Calculate Qsp for each salt and compare with Ksp.

For example, Qsp for AgCl = (5E-5)(5E-5) = 25E-10 = 2.5E-9.
Ksp = 1.77E-10 which is SMALLER than Qsp so AgCl will ppt. Remember the Ksp can't be exceeded. It the ion product IS exceeded, a ppt occurs.

Its AgCl can confirm

1.77

AgCl is the answer.

Definitely AgCl

To determine which precipitate will form, we need to compare the Q (ion product) values of each potential precipitate with their respective solubility product constant (Ksp) values.

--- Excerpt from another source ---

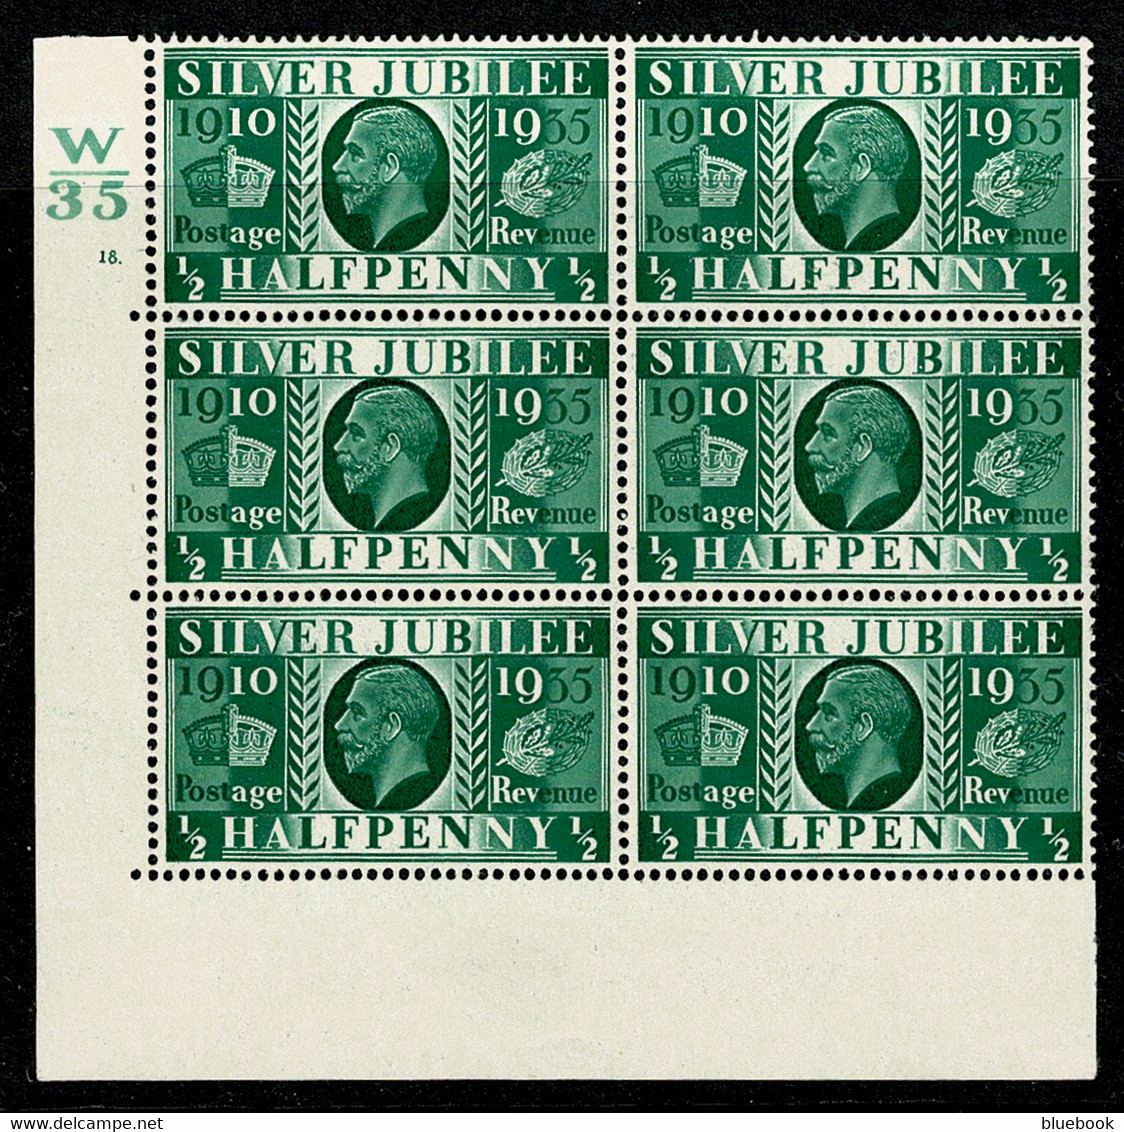 Ref 1587 - GB 1935 Silver Jubilee 1/2d Control Block (W35) Cylinder 18. Of 6 Stamps MNH/MM - Nuovi
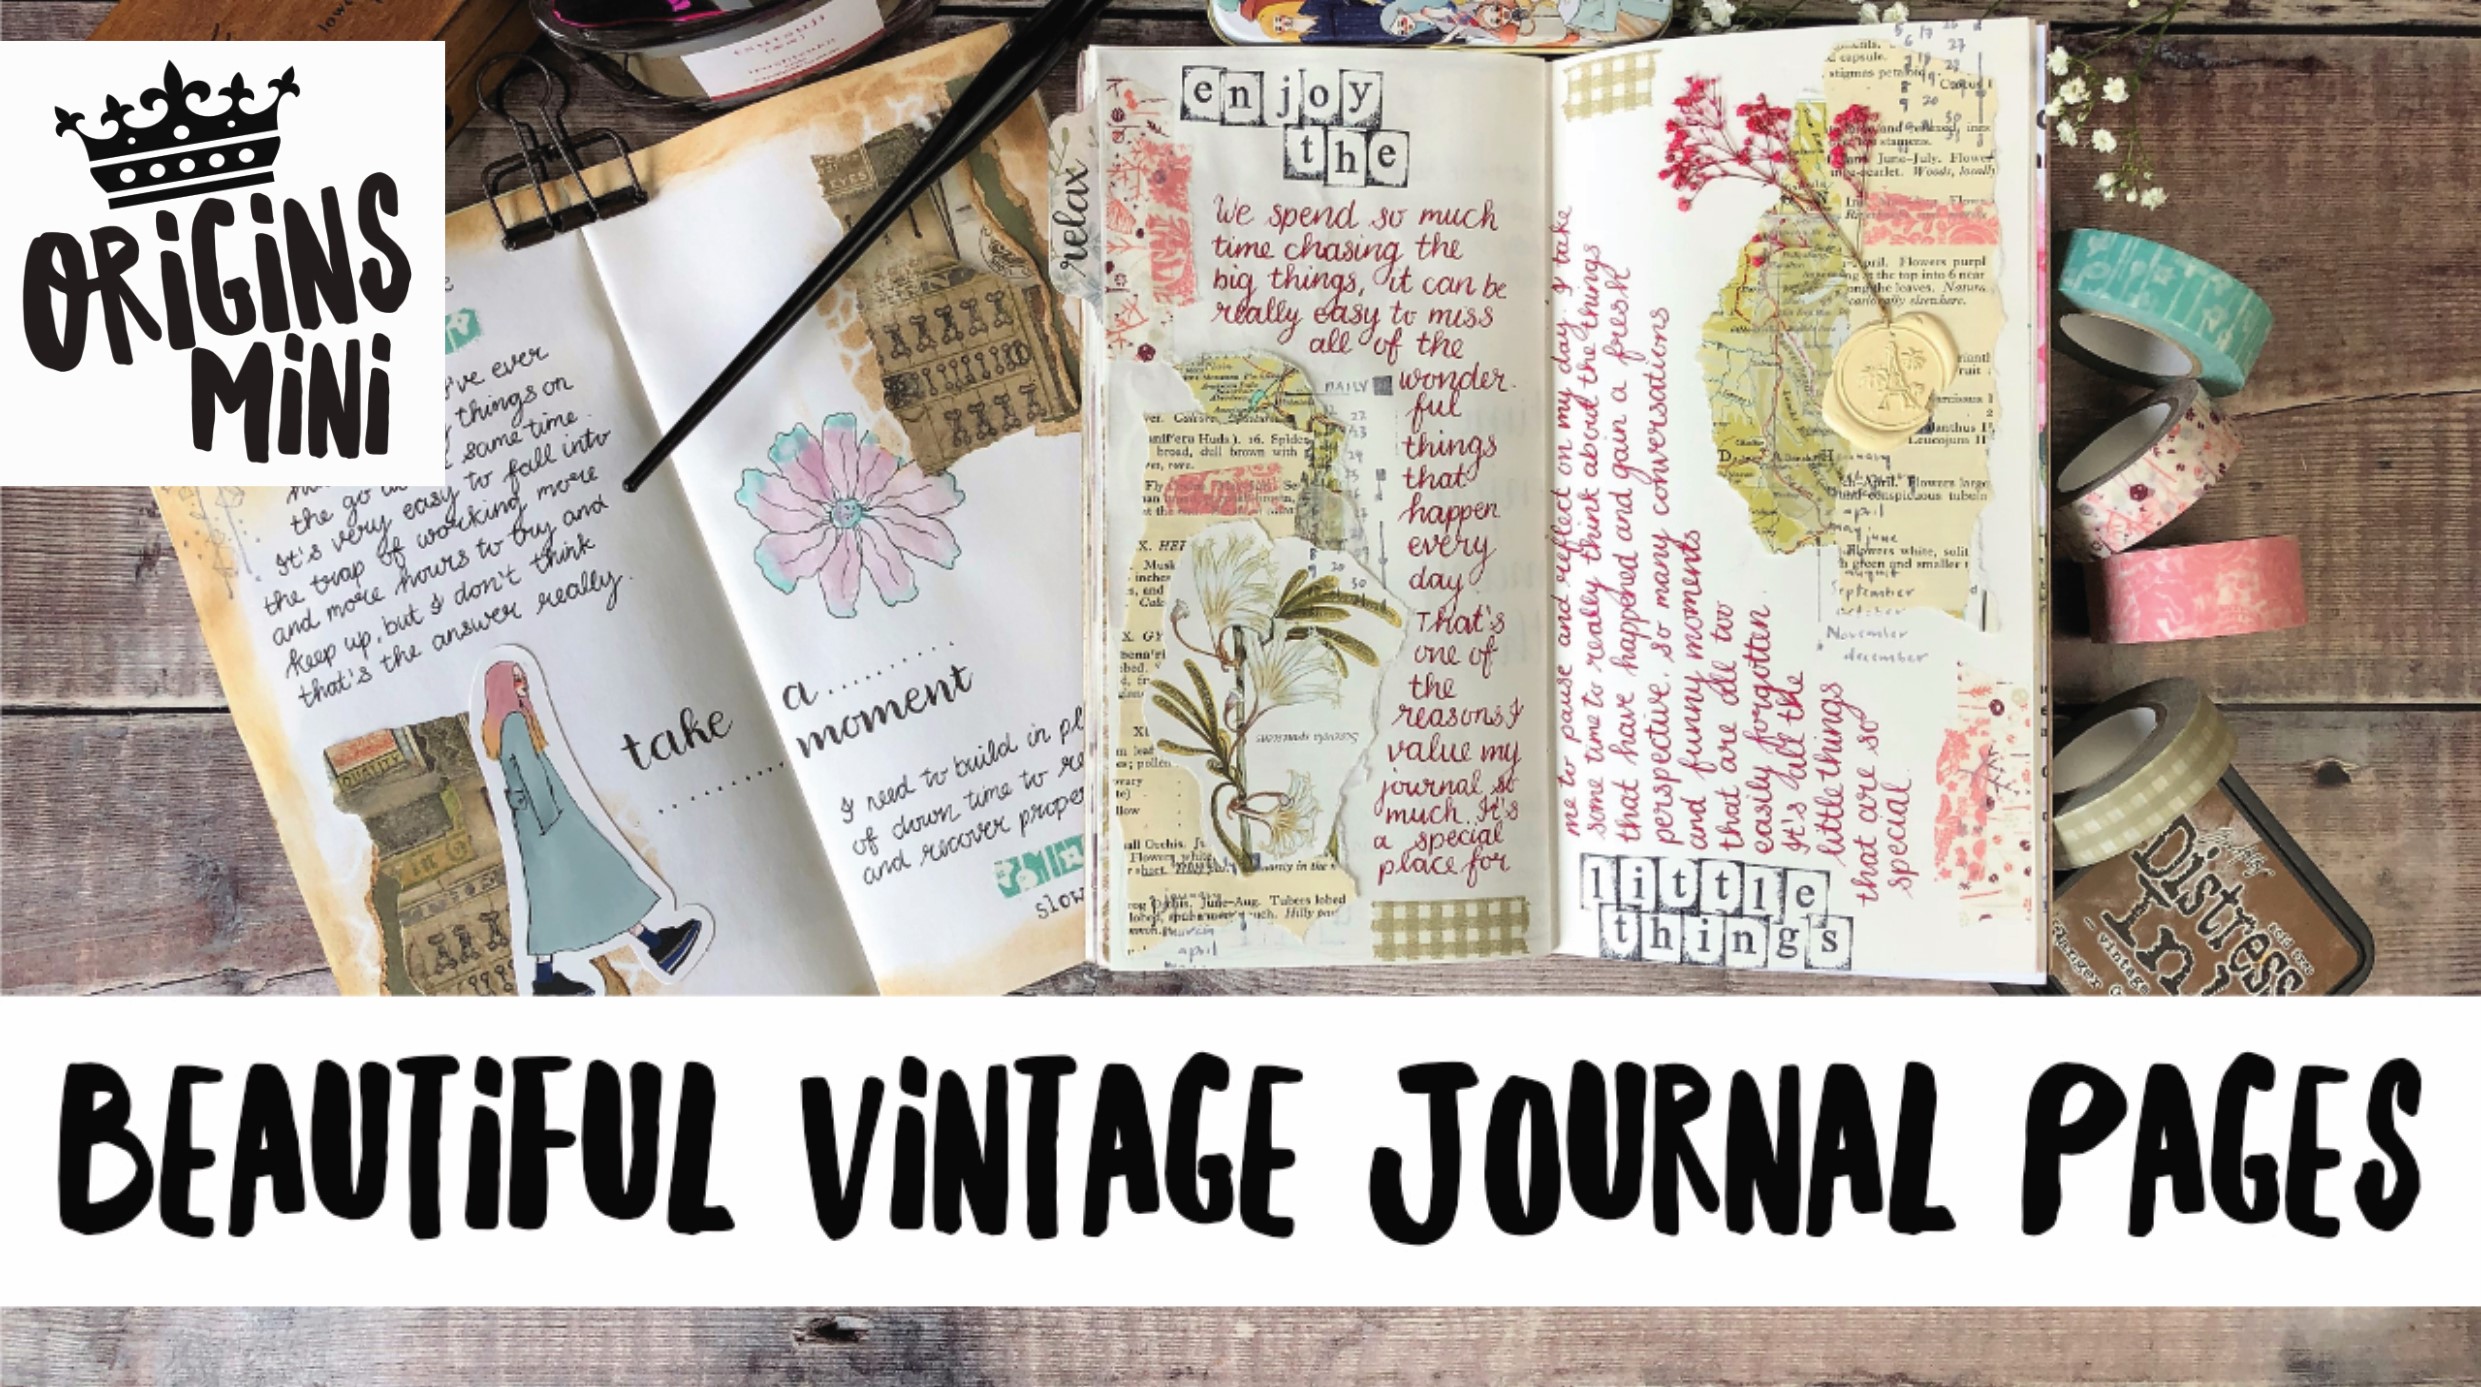 Beautiful vintage journal pages

The ion product (Q) is calculated by multiplying the concentrations of the individual ions involved in the reaction. In this case, we have three potential solubility reactions:

1) Ag2SO4 ↔ 2Ag+ + SO42–
2) AgCl ↔ Ag+ + Cl–
3) Ag2CO3 ↔ 2Ag+ + CO32–

Let's calculate the Q values for each of these reactions based on the given concentrations:

1) Q for Ag2SO4 = [Ag+]² × [SO42–]
Given: [Ag+] = [SO42–] = 5.0×10–5 M
Substituting the values, we get:
Q = (5.0×10–5)² × (5.0×10–5) = 2.5×10–13

2) Q for AgCl = [Ag+] × [Cl–]
Given: [Ag+] = [Cl–] = 5.0×10–5 M
Substituting the values, we get:
Q = (5.0×10–5) × (5.0×10–5) = 2.5×10–9

3) Q for Ag2CO3 = [Ag+]² × [CO32–]
Given: [Ag+] = [CO32–] = 5.0×10–5 M
Substituting the values, we get:
Q = (5.0×10–5)² × (5.0×10–5) = 1.25×10–14

Now let's compare the Q values with their respective Ksp values:

1) For Ag2SO4: Q = 2.5×10–13, Ksp = 1.12×10–5
Since Q < Ksp, no precipitate will form.

2) For AgCl: Q = 2.5×10–9, Ksp = 1.77×10–10
Since Q > Ksp, a precipitate of AgCl will form.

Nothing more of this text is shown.